You do not need to run any new code here: the question is conceptual.
4.0.1 Question B4
B4. Using the DAG you drew in Part A for the relationship between SSB intake and CVD:
- State whether the regression model you fitted in Part B3 includes all the variables you consider necessary to control for confounding.
- Identify one variable that you think should not be adjusted for (for example, because it is a collider or a mediator) and explain why, based on your DAG.
Write your answer in approximately 150 words.
You do not need to modify the code cells here. Use your DAG and regression results to reason about appropriate adjustment.
5 Optional bonus – Exploring robustness of findings (+5 marks)
This optional bonus allows you to explore whether your main findings are robust to alternative, epidemiologically motivated analytical choices.
You may choose one of the options below.
The emphasis is on reasoning and interpretation, not technical complexity.
5.1 Bonus option A – Stratified analysis
Repeat your analysis of the association between SSB intake and CVD risk separately within strata of a key variable (for example obesity status or sex).

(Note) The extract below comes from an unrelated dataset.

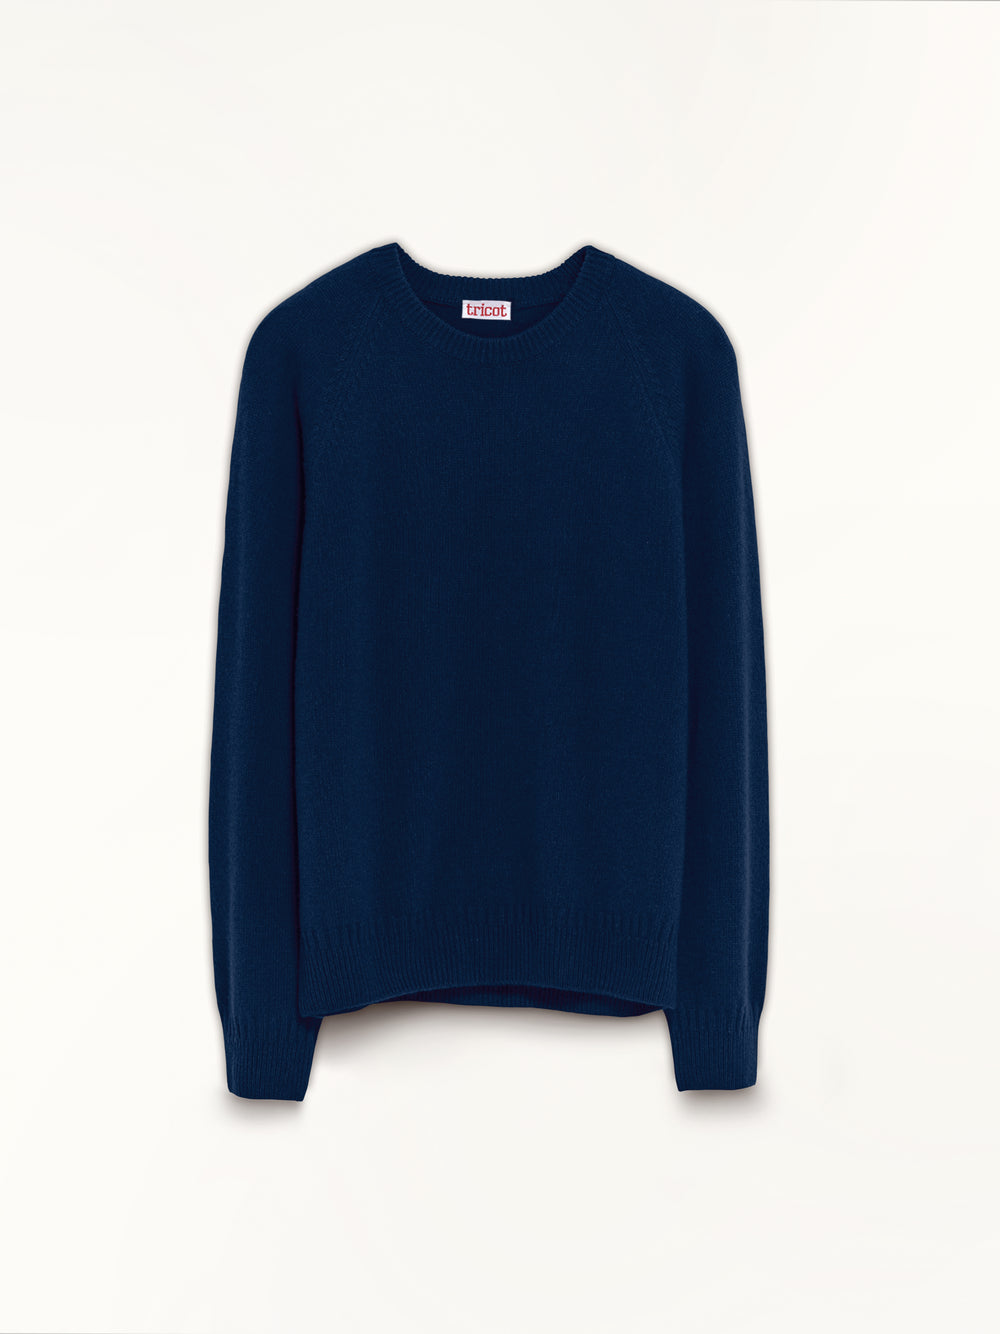 Men's cashmere crewneck sweater in Navy blue

For example, you might: - Fit separate models for obese and non-obese participants, or - Compare mean CVD risk across levels of SSB within strata.
5.1.1 Bonus question
- Describe how the association between SSB intake and CVD risk compares across strata.
- Comment on whether stratification changes your interpretation of the main findings.
- Explain briefly why stratification can be useful in epidemiological analysis.
Maximum length: 150 words.
# ============================================================
# Example: Stratified analysis
#
# Stratification means analysing the association of interest
# separately within subgroups (strata) of the population.
#
# In this example, we stratify by obesity status.
# You could just as easily stratify by sex by changing ONE line
# (see comment below).
# ============================================================
# Loop over the strata we want to analyse
# Here:
# status = 0 -> not obese
# status = 1 -> obese
for status, label in [(0, "Not obese"), (1, "Obese")]:
# Create a subset of the data for this stratum
# To stratify by sex instead, you would replace this line with:
# df_sub = df[df["sex"] == "Female"]
# or:
# df_sub = df[df["sex"] == "Male"]
df_sub = df[df["obese"] == status]
# Fit the regression model within this stratum
model_strat = smf.ols(
"cvd_risk ~ ssb + age + C(sex) + C(ses) + C(smoking)",
data=df_sub
).fit()
# Print and display the model summary
print(f"\nStratified model: {label}")
display(model_strat.summary())5.2 Bonus option B – Variable transformation
Apply a simple transformation to one key variable (for example SSB intake) and repeat the analysis.
For example, you might: - Log-transform SSB intake, or - Categorise SSB intake into low / medium / high consumption groups.
5.2.1 Bonus question
- Explain why you chose this transformation.
- Describe how the results compare with the main analysis.
- Comment on whether the transformation improves interpretability or model fit.
Maximum length: 150 words.
# Example: log-transform SSB (adding a small constant)
df["log_ssb"] = np.log(df["ssb"] + 0.1)
model_log = smf.ols(
"cvd_risk ~ log_ssb + obese + age + C(sex) + C(ses) + C(smoking)",
data=df
).fit()
display(model_log.summary())6 End of notebook
You have now completed all the code required for Part B of the assignment.
Please ensure that your document includes:
- Table 1 from Part B1 and your commentary.
- A discussion of the distributions and any transformations (Part B2).
- Regression results and your interpretation (Part B3).
- A DAG-informed adjustment discussion (Part B4).
- Bonus analysis and interpretation (if attempted).
Remember that the emphasis of the marking is on your epidemiological reasoning and interpretation, not on Python code.